Незадачливого алхимика-суфлера доводила до виселицы его неутолимая жажда золота. Все священное искусство Гермеса Трижды Величайшего для него сводилось к банальной попытке получения рукотворного благородного металла — и ничего более ему не требовалось. Впрочем, и его влиятельные покровители тоже ничего иного не ждали от него. Напротив, «герметические философы», как называли себя настоящие алхимики-адепты, гнушались подобными работами, предаваясь поискам философского камня не из жадности, а из любви к искусству. При этом они руководствовались специальными теориями, которые не позволяли им выходить за пределы, освященные традицией. От алхимика-суфлера более респектабельный алхимик-адепт (якобы преуспевший в таинстве Великого Делания, получивший вожделенный философский камень, убедительных доказательств чего, как уже говорилось, не существует) отличался, по крайней мере, в двух отношениях. Во-первых, он умел хранить тайну герметического искусства, не склонен был рассуждать о нем с кем попало. Надлежало сперва удостовериться, что имеешь дело с посвященным, а уж потом открываться ему. Как осторожно Николя Фламель, самый знаменитый, по мнению С. Ютена, средневековый алхимик, искал человека, который мог бы растолковать ему таинственный смысл чудесным образом попавшей к нему в руки «Книги Авраама Еврея»! Хотя в Средние века и существовали многочисленные алхимические трактаты, непосвященный, думавший лишь о легком способе разбогатеть, не мог без посторонней помощи разобраться в них. Во-вторых, алхимик-адепт смотрел на свое искусство шире, не ограничивая себя исключительно поисками способа изготовления золота, хотя и оно отнюдь не было чуждо ему (алхимии сны золотые…). Эта широта взгляда находила свое выражение и в тех определениях, которые «герметические философы» давали алхимии.

 

Так, Роджер Бэкон в XIII веке писал о герметическом искусстве: «Алхимия есть наука о том, как приготовить некий состав, или эликсир, который, если его прибавить к металлам неблагородным, превратит их в совершенные металлы… Это наука о том, как возникли вещи из элементов, и обо всех неодушевленных вещах…» В том же веке Альберт Великий писал: «Алхимия есть искусство, придуманное алхимиками… С ее помощью металлы, включенные в минералы и пораженные порчей, возрождаются — несовершенные становятся совершенными». Анонимный алхимик XV века, связывая совершенствование металлов с врачеванием человеческого тела, определил алхимию как «искусство, не имеющее себе подобного и поучающее, как доводить несовершенные камни до истинного совершенства, больное тело человека — до благодатного здоровья, а металлы обращать в истинное Солнце и истинную Луну» (то есть в золото и серебро). Резким диссонансом этому звучит мнение историка Иоганна Тритемия, на рубеже XV и XVI веков написавшего: «Алхимия — это целомудренная блудница, никогда ничьим объятиям не отдающаяся, а те, кто домогался ее, уходили ни с чем. Теряли и то, что имели. Глупец становился безумцем, богач — бедняком, философ — болтуном, пристойный человек напрочь терял всякое приличие. Она обещает домогающимся богатство Креза, но в результате — полная нищета, всеобщий позор, всенародное осмеяние».[3] Парадоксальное словосочетание «целомудренная блудница» как нельзя лучше передает противоречивый характер алхимии: занятие, не совместимое с христианской добродетелью, но вместе с тем и не дающееся в руки любому и каждому; занятие отнюдь не безобидное, сопряженное с потерей чести и нищетой.

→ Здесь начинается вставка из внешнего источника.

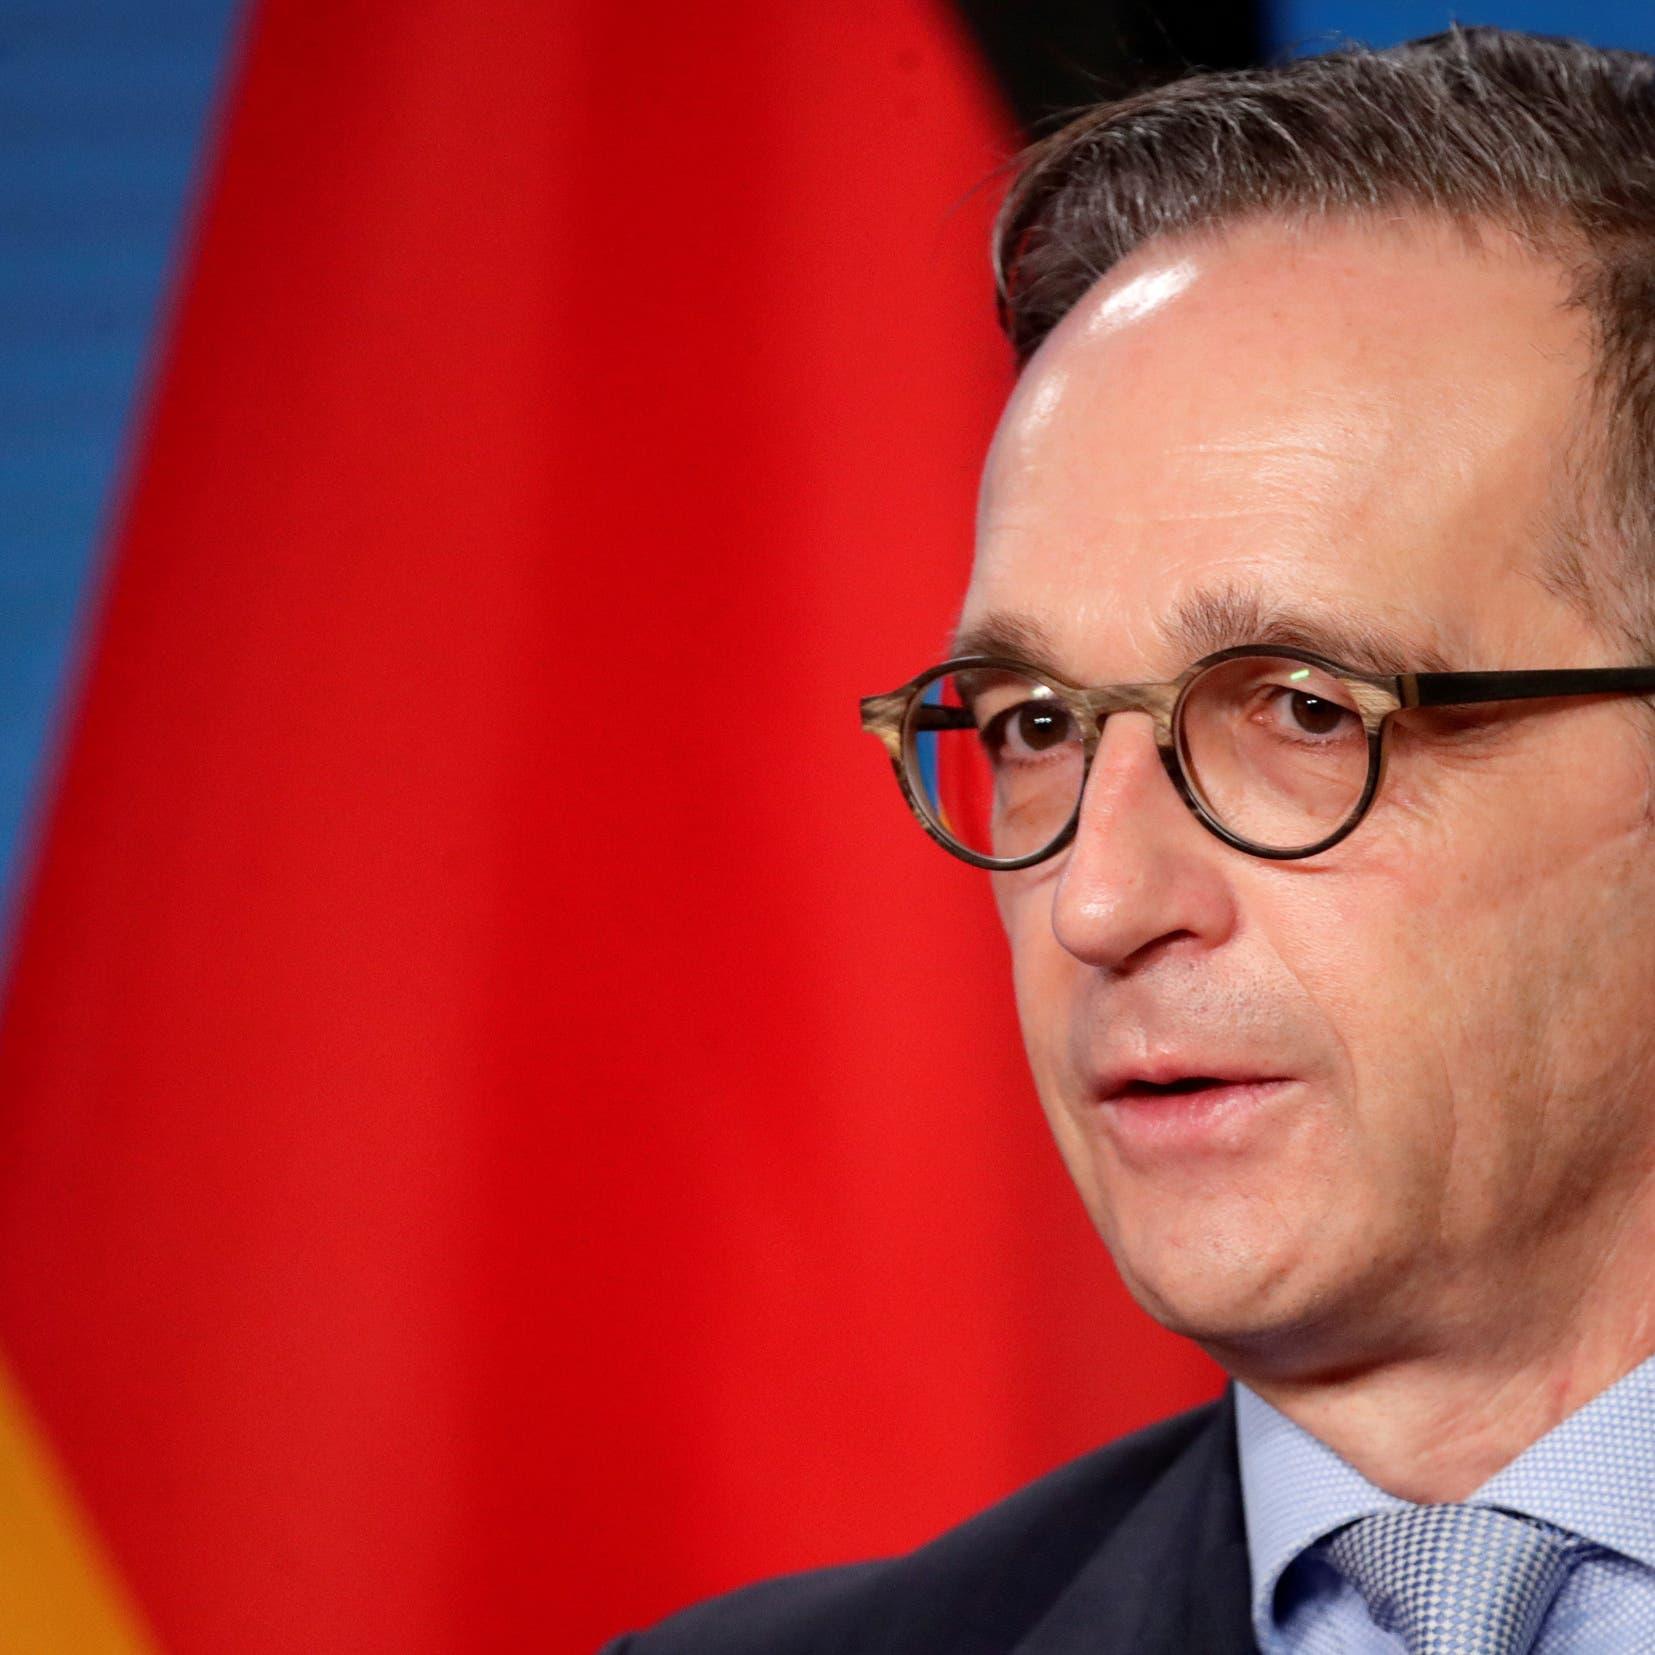 ألمانيا تدعو إلى اتفاق نووي موسع مع إيران

На протяжении всего времени, пока существовала (и, как говорят, продолжает существовать) алхимия, не было такой профессии — алхимик. Это слово в массовом сознании заключало в себе презрительно-уничижительный смысл и прилагалось к тем, кто окончательно свихнулся на поисках алхимического золота.

Настоящие алхимики-адепты, как уже говорилось, не афишировали своих занятий герметическим искусством и предпочитали называть себя философами. Для окружающих, непосвященных в тайны Гермеса Трижды Величайшего, они были добропорядочными тружениками на ниве общеполезных занятий. Николя Фламель никогда не прекращал трудиться писарем и в этом качестве был известен парижанам. Парацельс всегда был, прежде всего, врачом. Поскольку же полусумасшедших алхимиков-суфлеров никто не принимал всерьез, тщетны были бы поиски в городских реестрах цеха алхимиков — такой профессии, такого ремесла, повторяем, не существовало. Примечательно, что в объемистом труде А. Борста, посвященном формам жизненного уклада в Средние века,[4] в котором имеются специальные разделы даже о прокаженных и убийцах, алхимики не упоминаются.

Адепты, сочиняя свои герметические трактаты, предпочитали выражаться нарочито темно, дабы сбить с толку непосвященных. Допустим, попал в руки некоего неофита, одолеваемого жаждой золота, труд Раймонда Луллия с рецептом получения философского камня, и новоявленный суфлер, едва сдерживая волнение, открывает манускрипт и читает: «Чтобы приготовить эликсир мудрецов, или философский камень, возьми, сын мой, философской ртути и накаливай, пока она не превратится в красного льва. Дигерируй этого красного льва на песчаной бане с кислым виноградным спиртом, выпари жидкость, и ртуть превратится в камедеобразное вещество, которое можно резать ножом. Положи его в обмазанную глиной реторту и не спеша дистиллируй. Собери отдельно жидкости различной природы, которые появятся при этом. Ты получишь безвкусную флегму, спирт и красные капли. Киммерийские тени покроют реторту своим тусклым покрывалом, и ты найдешь внутри нее истинного дракона, потому что он пожирает свой хвост. Возьми этого черного дракона, разотри на камне и прикоснись к нему раскаленным углем. Он загорится и, приняв вскоре великолепный лимонный цвет, вновь воспроизведет зеленого льва. Сделай так, чтобы он пожрал свой хвост, и снова дистиллируй продукт. Наконец, сын мой, тщательно ректифицируй, и ты увидишь появление горючей воды и человеческой крови».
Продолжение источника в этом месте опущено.